Todd Harper and Tanya Otsuka, both of whom were on the board of the NCUA, said in separate statements that they had been removed from Trump. The distances left the agency, which supervises the 2.3 -billion -dollar -cooperative sector in the country, only a member of the board, the Republican Chairman Kyle Hauptman.

“This poorly designed and politically motivated decision to dismiss me before the end of my term is the important regulatory compensation and will harm consumers,” said Harper in a statement published on LinkedIn.

In a separate explanation, Otsuka said that she was informed by e -mail on Tuesday evening that she was terminated immediately, and called “another attempt to undermine the rule of law and obviously ignore the congress and our democratic values”.

The press spokesman for the White House, Karoline Leavitt, defended the shots and said: “President Trump is the executive managing director and reserves the right to dismiss everyone he wants.”

An NCUA spokesman rejected a statement.

The moves are Trump’s recent efforts to spark civil servants from independent supervisory authorities.
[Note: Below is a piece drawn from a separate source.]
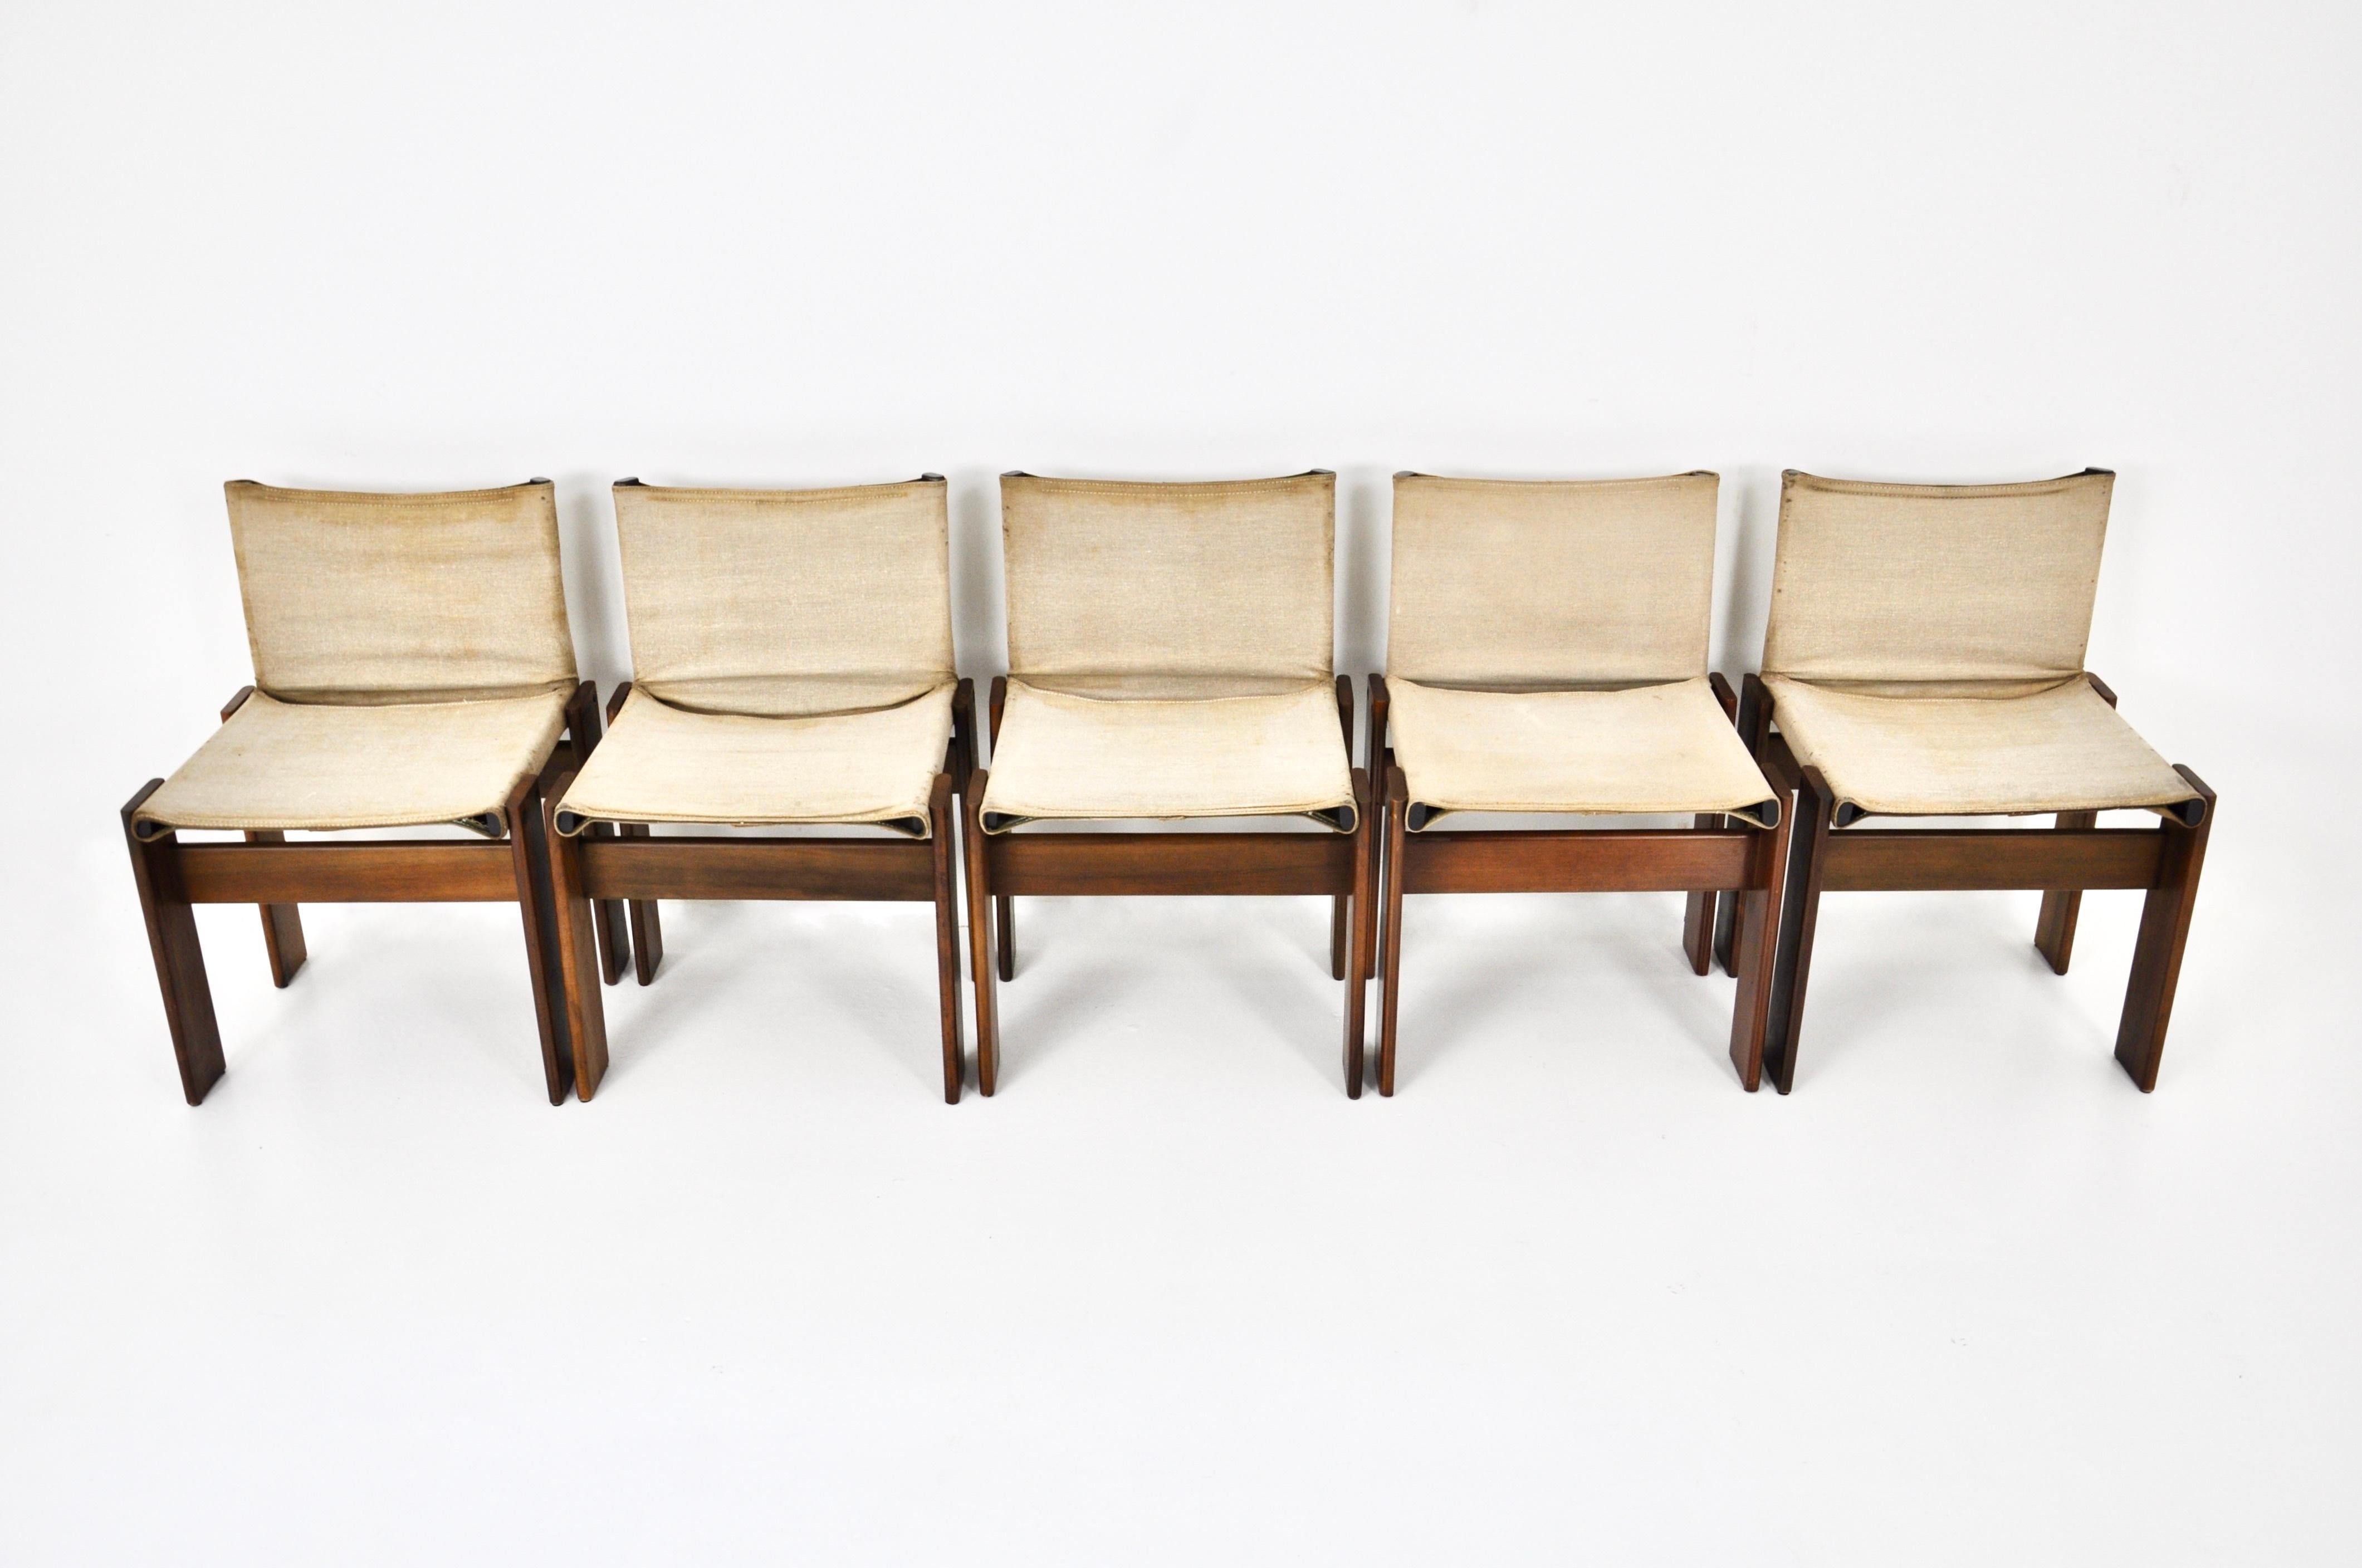 Monk Dining Chairs by Afra & Tobia Scarpa for Molteni, 1970s, set of 5 For Sale 1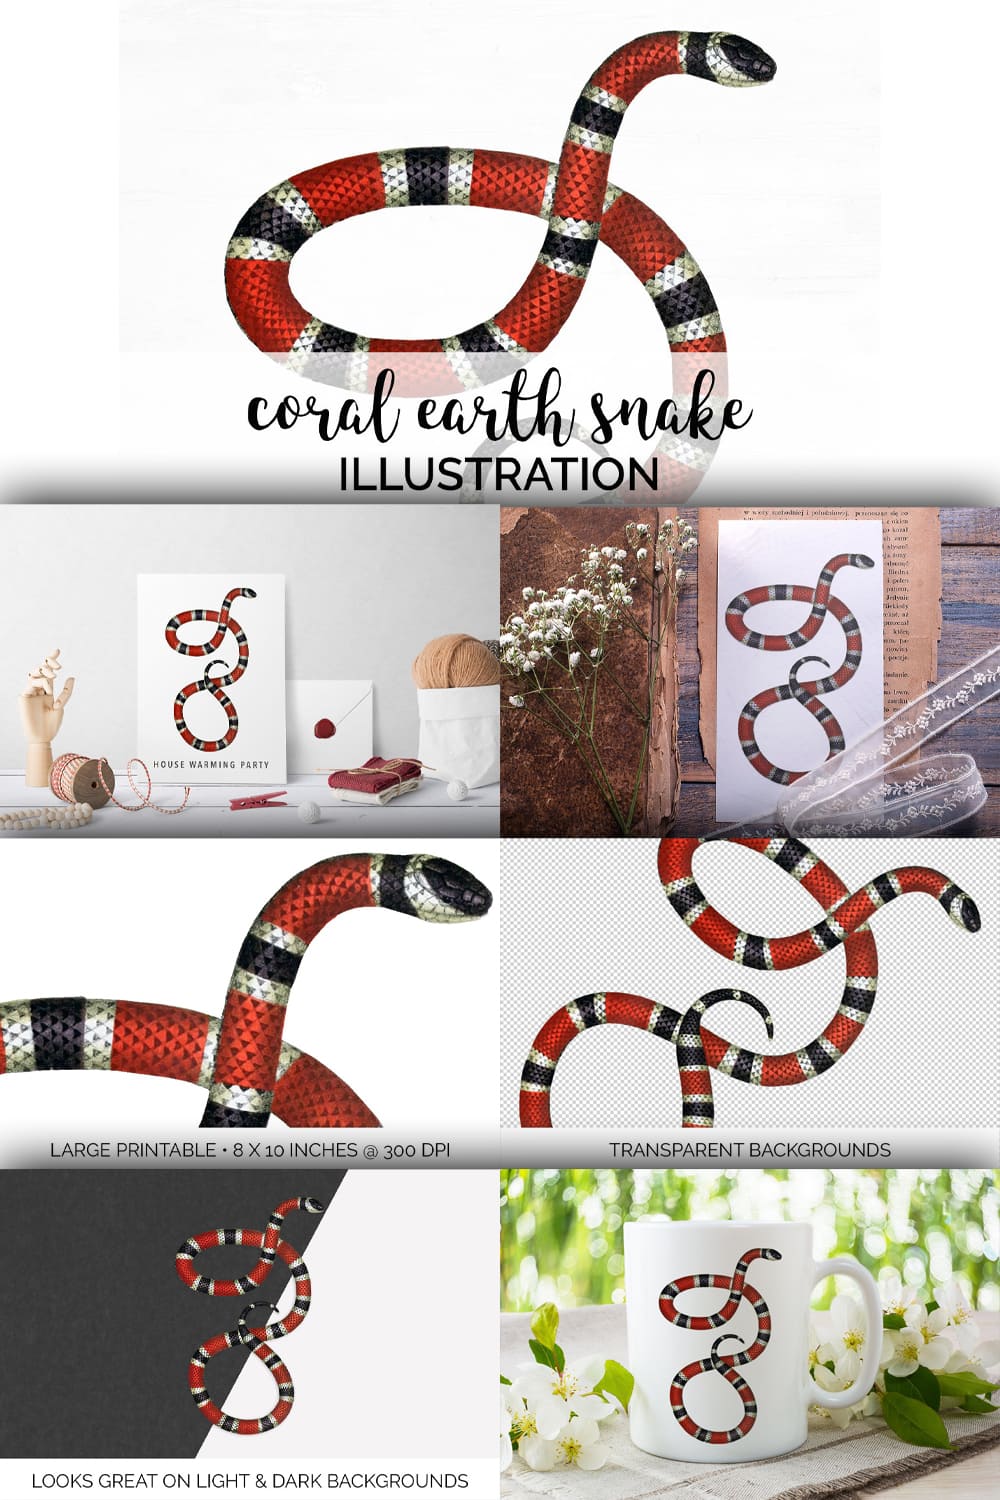 Collection of colorful images coral earth snake.

In March, he changed to remove both democratic commissioners at the Federal Trade Commission, a lawsuit that the couple currently questioned before a federal court. Trump also tries to remove Democrats from two federal work committees in a matter that is now in front of the US Supreme Court.

In his first term in 2019, Harper was actually appointed by Trump to the NCUA. At that time he was appointed chairman of the board of directors by President Joe Biden in 2021 and confirmed in 2022 to a second term that was not to expire until 2027.

Otsuka was nominated by Biden and confirmed by the Senate in 2023. Your term does not run until 2029.